Unlock Editor’s Digest for free
FT editor Roula Khalaf selects her favorite stories in this weekly newsletter.
The writer is an associate professor at the Institute of Social Research, University College London.
When Sheryl Sandberg’s book Lean on came out in 2013, it struck a chord with many women. In it, she posited along with the structural barrier, that women are “holding back” due to their low confidence.
My research supports Sandberg’s hypothesis. But it also tells us that the problem is much more complex. Women’s lack of confidence manifests itself long before they enter the workforce.
Using data from a Center for Longitudinal Studies survey of people born in the same week in Britain in 1970, my colleague Anna Adamecz and I constructed a measure of overconfidence and underconfidence. We looked at study participants’ performance on objective math, English, and IQ tests, as well as self-rated ability questions (e.g., How good are you at math?), which were administered at ages five, 10, and 16. . .

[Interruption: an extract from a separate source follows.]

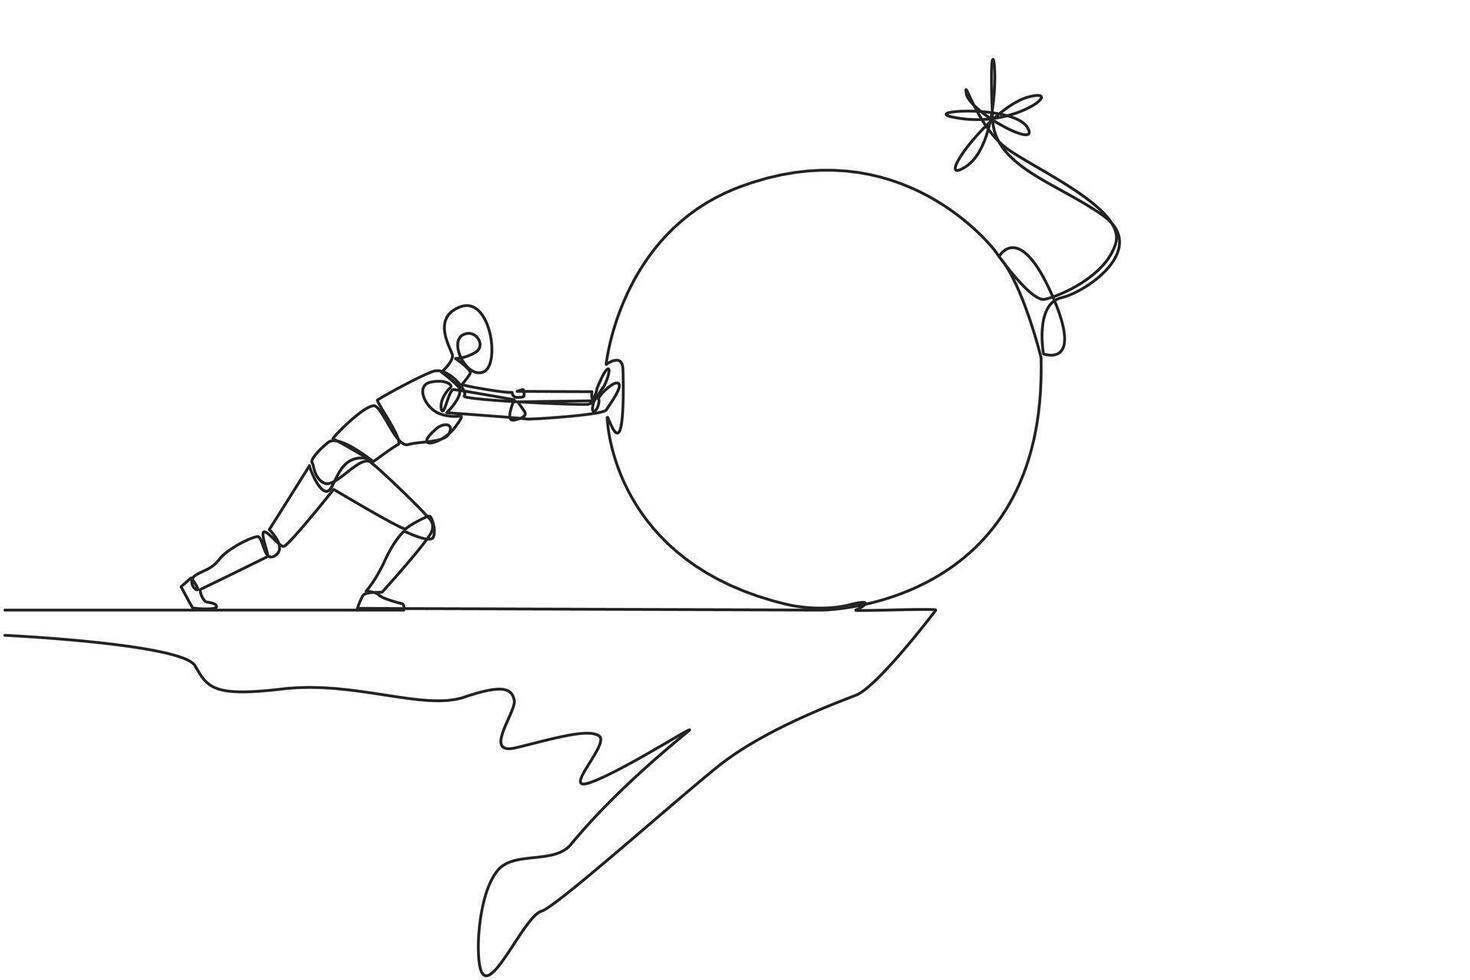 doorlopend een lijn tekening robot duwt groot bom met een brandend lont naar beneden van de rand van klif. concept van houden weg van leed. toekomst tech concept. single lijn trek ontwerp vector illustratie

People who consider themselves higher than their position in the actual distribution of abilities are classified as overconfident. Those who rank lower are classified as insecure.
Perhaps not surprisingly, women are more likely to be classified as insecure. Thanks to the power of longitudinal data, we can follow these people into the labor market and track any gender gaps in their earnings when they are mid-career, at age 42.
Lack of confidence is not the only reason for the gender pay gap, but it plays an important role. It’s not simply that men are rewarded with higher salaries for being overconfident (and so are the few women who fall into that category), but that people who are underconfident, primarily women, face a salary penalty.
Why is that? There are several factors at play. People lacking confidence (both men and women) do worse on their school-leaving exams, are less likely to study high-yield subjects like science and law at university, and end up in less lucrative occupations.
Since women are more likely to lack confidence, they are more affected by this penalty, despite outperforming men at school and university. Therefore, introducing training to build confidence at work is too little, too late. The punishment for lack of confidence is already manifest in decisions about what to study in college and what professions to enter.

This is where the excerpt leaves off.